But the 1776 Pledge is too close to baseball, apple pie and Chevrolet for Helling, who wanted to make sure any assertion of ‘hell ya, America!’ comes with an adequate dose of White guilt and that particularly Republicans have to wear that scarlet letter. He even admits at one point in his piece the founders of our nation – some of whom owned slaves – were miraculous, if flawed, and croons that he “truth” of the messiness of our history should be taught in schools. But of course Dave Helling’s truth leans Left.

Dare say, any student who’s actually attended class in this country since the Civil War knows it happened and why; they know what Jim Crow Laws were (real ones – not the lie promoted by Joe Biden and other hucksters trying to cast voter ID requirements as racist throwbacks); they know Whites in the South continued to subjugate Blacks through the Civil Rights era. They know Thomas Jefferson had a Black slave mistress with whom he probably had children. And they know the social, economic and professional strides made by Blacks in this country since – not the least of which was the election of a Black man as a two-term president elected primarily by Whites.

But the Star’s grudge isn’t over education or even Republican endorsement of ideological pledges. The real issue has been exemplified in innumerable editorials, hit pieces and slanted coverage by the newspaper against Republicans for decades. The Kansas City Star hates Republicans, and conservative Republicans of the modern variety most of all. “The Red Star” nickname was coined long ago.

Even so, it was still surprising that Star editorial page editor Derek Donovan placed such wilting content constraints on Schmidt when he wanted to defend himself in a rebuttal column in the paper.
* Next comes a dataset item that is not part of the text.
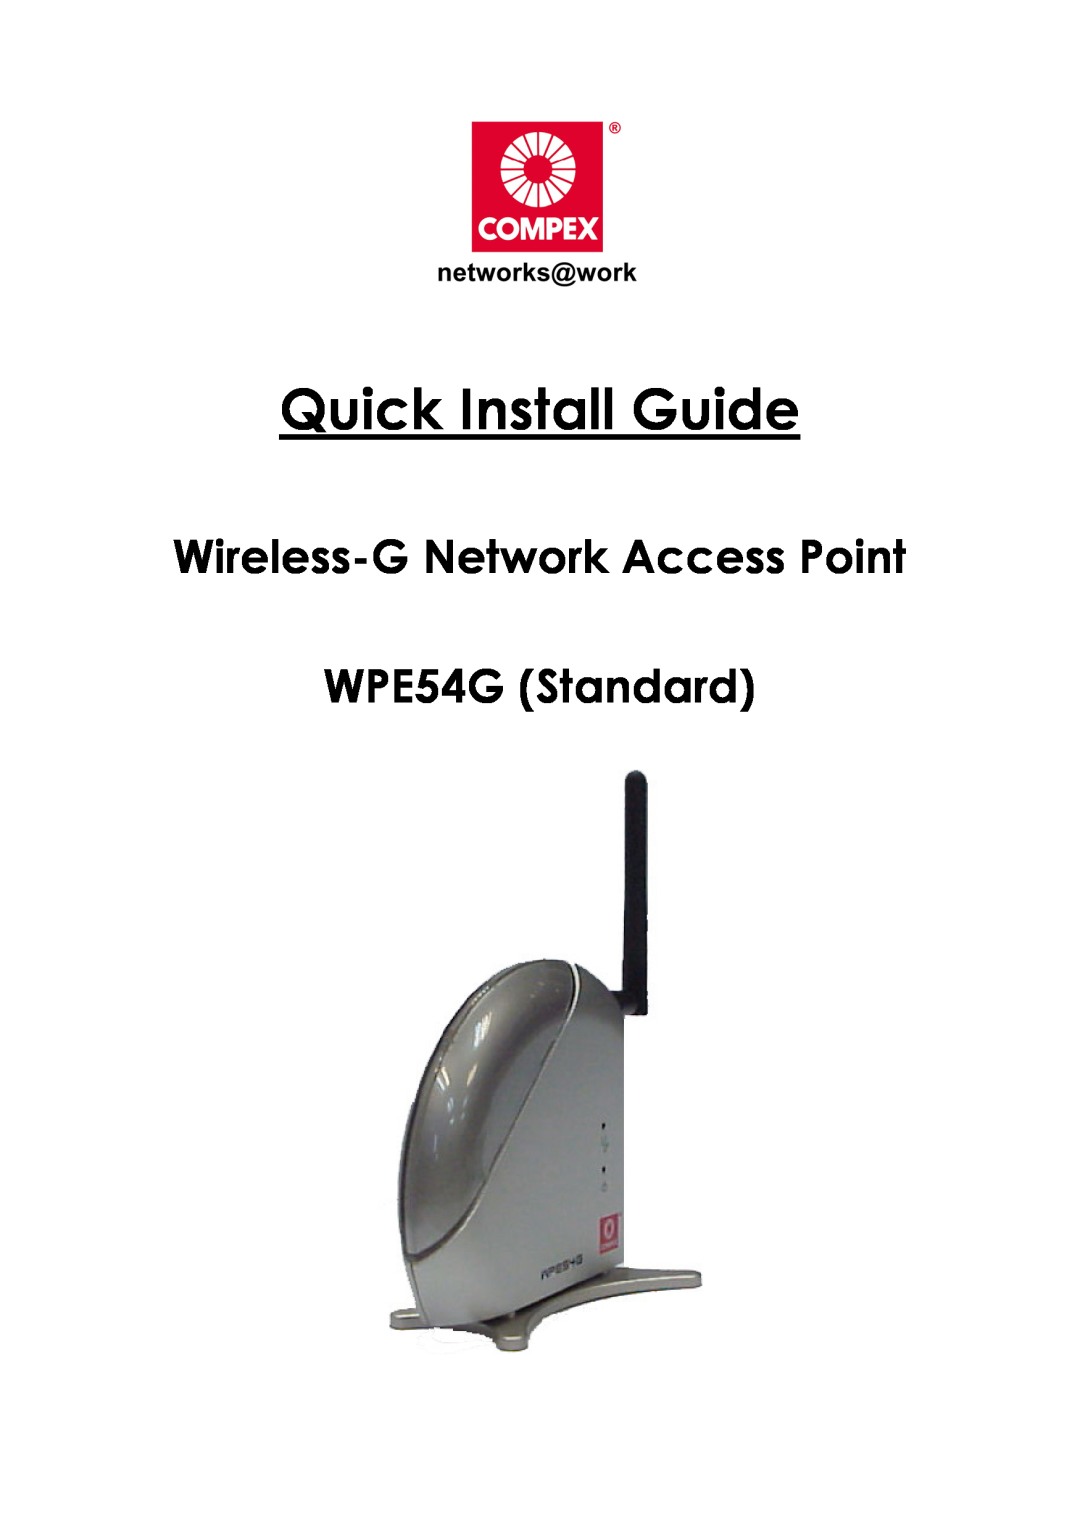 Compex Systems manual Quick Install Guide, Wireless-G Network Access Point WPE54G Standard 
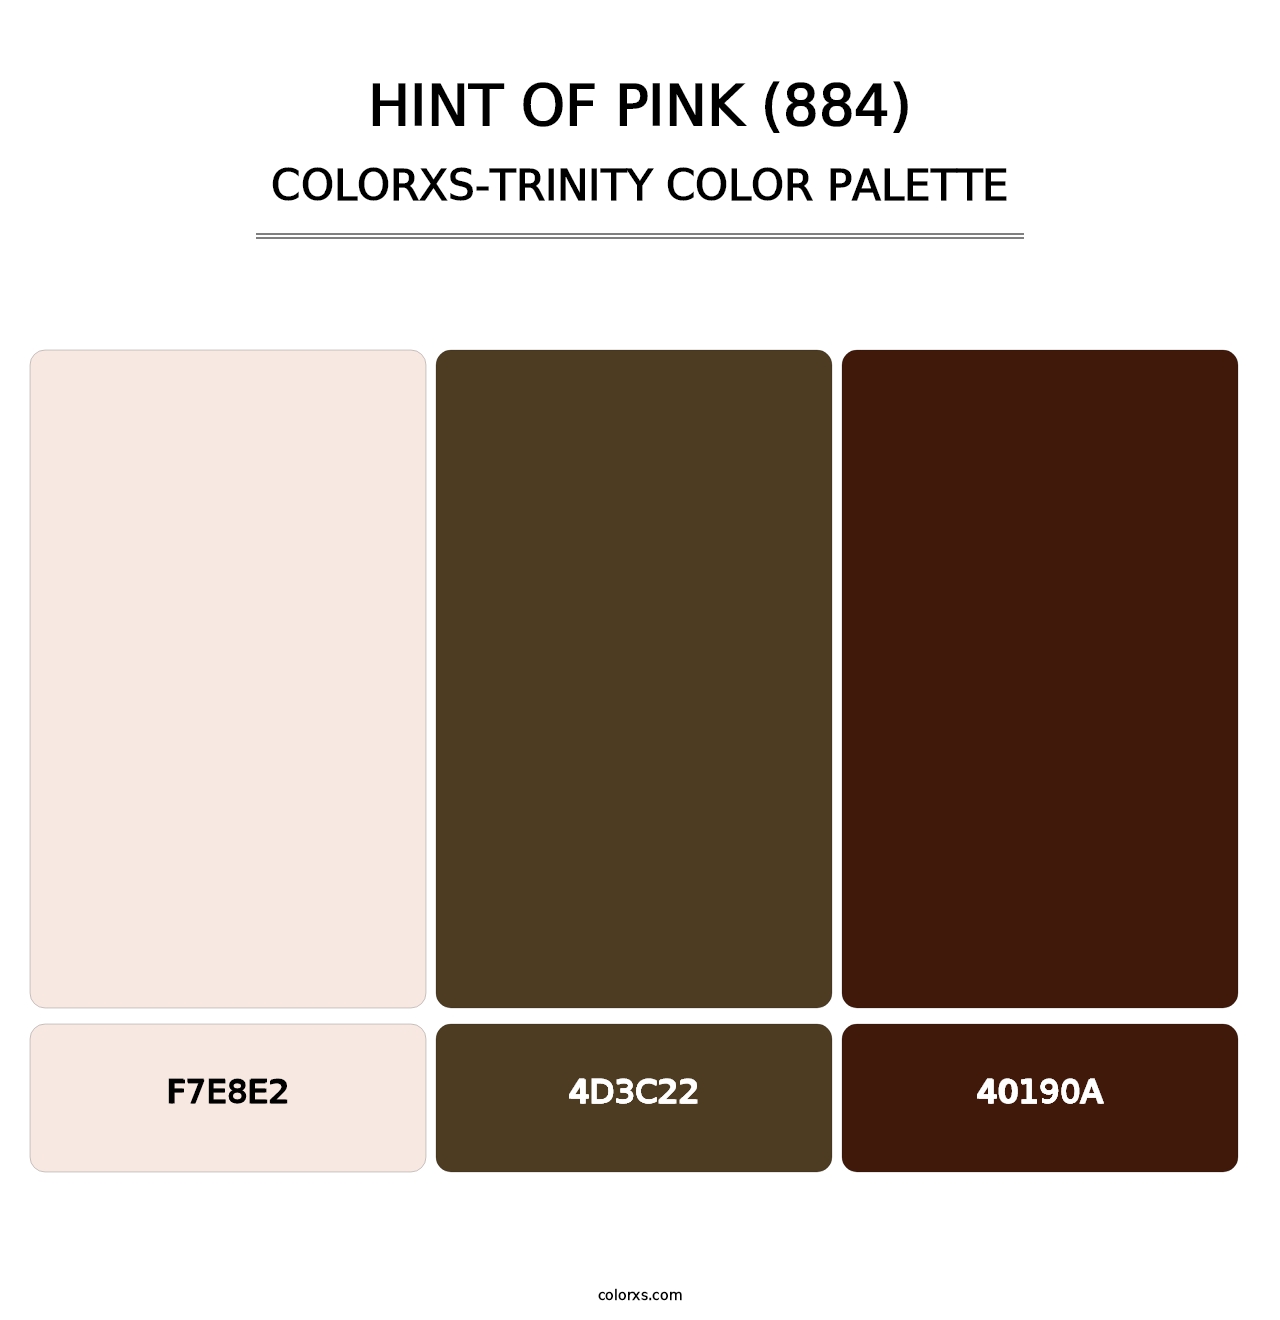 Hint of Pink (884) - Colorxs Trinity Palette

Donovan refused to publish Schmidt’s rebuttal unless he agreed not to address Critical Race Theory, which Donovan claims doesn’t exist but whose elements form the basis of The 1619 Project and whose false and racist assertions have surfaced in both public and private school lessons taught by “woke” liberals bent on cultivating prejudice against White people.

So we’ll publish your rebuttal, Donovan told Schmidt, as long as what you say fits between the Chiclets and the Bicentennial glasses.    

We might believe the opinions of a man running for governor of Kansas matter whatever they are – that it should be we who get to determine whether his arguments are worthy and whether we agree or disagree with him. But the Star wants to lie to its readers and assert Critical Race Theory is a conservative fantasy, and its editors don’t want a mere gubernatorial candidate contradicting them.

Like a carnival scam, it is of course a moral failure of the Star to approach what we all used to believe was a higher responsibility in such a manner. But the truth is, those in charge at the Star – just like the people who control much of the rest of the Legacy Media in our country and the likes of Facebook and Twitter – don’t care about or really even understand that moral responsibility anymore.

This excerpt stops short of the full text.